这是英国的R语言数据分析作业代写

## 1 Examples for practice, NOT ASSESSED

Some sample solutions are available in the solution script for this practical SB1-CompStats-Third-Prac.R

The data in the file baseball.txt are a subset of data collected on professional American baseball

players. Focus on the following variables:

1. salary – The yearly salary of each player (there are 59 NA’s in salary – remove these rows)

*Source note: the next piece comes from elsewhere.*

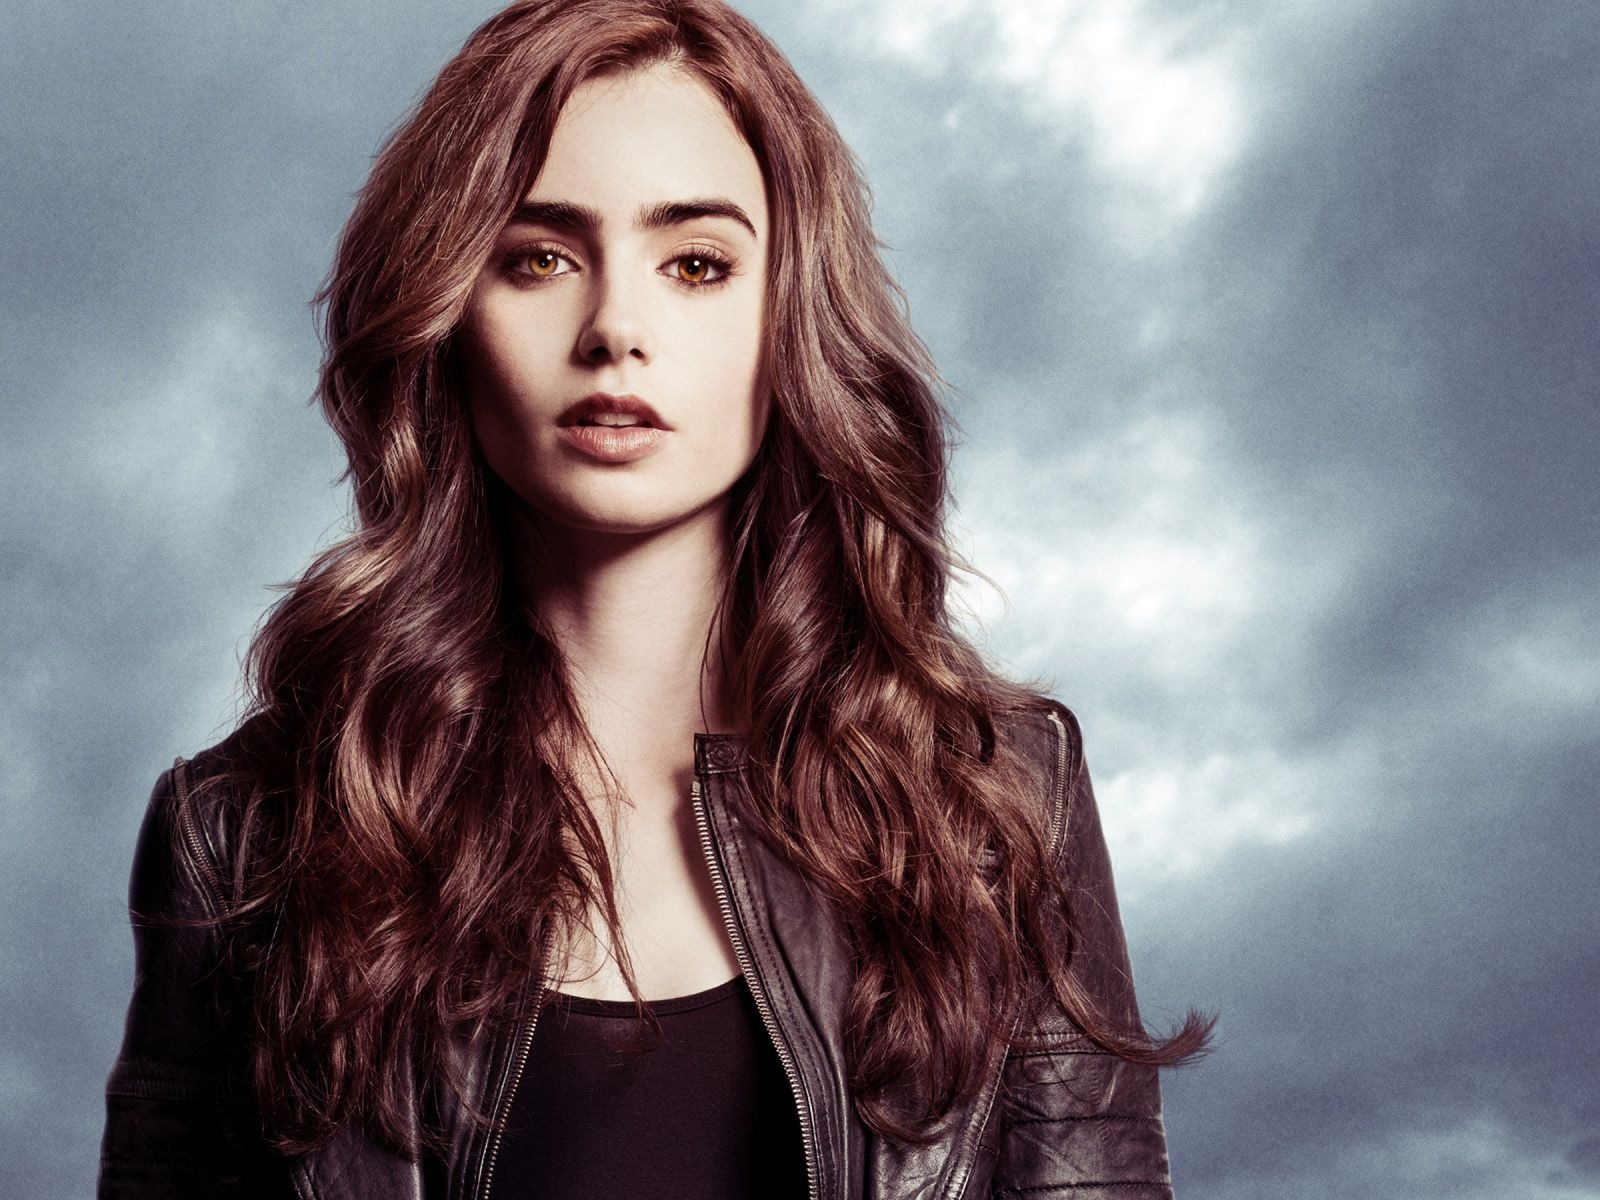 Lily Collins beautiful wallpapers #18 - 1600x1200

2. homeruns_career – The total number of homeruns a player made over their career

3. division – The division a player is in (either W or E)

### (a) EDA and Smoothing

We havent covered this in lectures yet but it is interesting to look at the code in the answers to see

an example of what we will be doing and explore the behavior and check the variable dependence.

You may wish to focus on the next block of questions for this prac.

a.1 Examine the relationship between the log of outcome variable salary and explanatory

variables homeruns_career and division using exploratory plots.

a.2 Can we predict salaries with the predictor variable homeruns_career? Perform a regression of

response variable log_salary on the variable homeruns_career. Plot the regression lines onto

the data and comment on the fit. Give an interpretation of the model, keeping in mind that

the salaries are reported on a log-scale. Comment on the effect of extreme observations in

homeruns_career.

a.3 Try a smoothing procedure, for example a Kernel smoother ksmooth() or local polynomial

regression locpoly(). Plot the fit for various smoothing parameters and discuss what you

find. Investigate also lowess() and dpill().

a.4 Could anything be done to improve the fit?

a.5 Optional Extensions: (i) use LOO-CV to estimate the bandwith in a local-polynomial fit of

degree 1 (see lecture code L6.R for something nearly identical); (ii) Calculate the smoothing

matrix ( in this case (the expression for ( is given in PS2) and verify the fit by hand. Calculate

the DOF for GCV, trace„(”, and the DOF for variance estimation, 2trace„(”−trace„()(”.

### (b) Rank sum test

b.1 Are the salaries similar in the two divisions? Examine whether the distributions of player

salaries are the same in both leagues. Use the Wilcoxon test with the normal approximation

and calculate by hand the value of the test statistic, its expected value and variance under the

null hypothesis of no difference and give the test result.

b.2 The data contain ties. Explain how to simulate the distribution of the test statistic under the

null. Implement this procedure and check that the significance levels you computed in the

previous question are robust to the effect of ties.

b.3 Test your result by implementing the Wilcoxon test in R and give a point estimate (using the

Lehmann-Hodges estimator) and a confidence interval for the difference in median salary

between the two leagues. State any assumptions.

### (c) Rank sign test

c.1 Consider the possibility that walks and runs have the same median. Why should we treat

these data as paired?

c.2 Find a confidence interval for the difference in medians and use it to test for equal medians at

95%. What do you conclude? State any assumptions.

## 2 ASSESSED EXERCISE

Write a short self-contained report introducing the data, clarifying and formalising the question, outlining and

justifying your choice of statistical methods (smoother and test) and presenting your results and conclusions

in a clear and physically interpretable manner. Draw attention to any assumptions you make in the course of

selecting a test and what criterion was used to choose the smoother.

The dataset rainfall.csv available on canvas contains monthly rainfall data for Oxford and

Cambridge. This data is from

https://www.metoffice.gov.uk/research/climate/maps-and-data/historic-station-data.

Total monthly rainfall in mm is given for both locations for the period between January 2014 and

December 2020. Perform exploratory data analysis, including at least plotting a smooth of rainfall

for each location over months. Perform a test of whether the rainfalls in two locations have the same

distributions against a suitable alternative.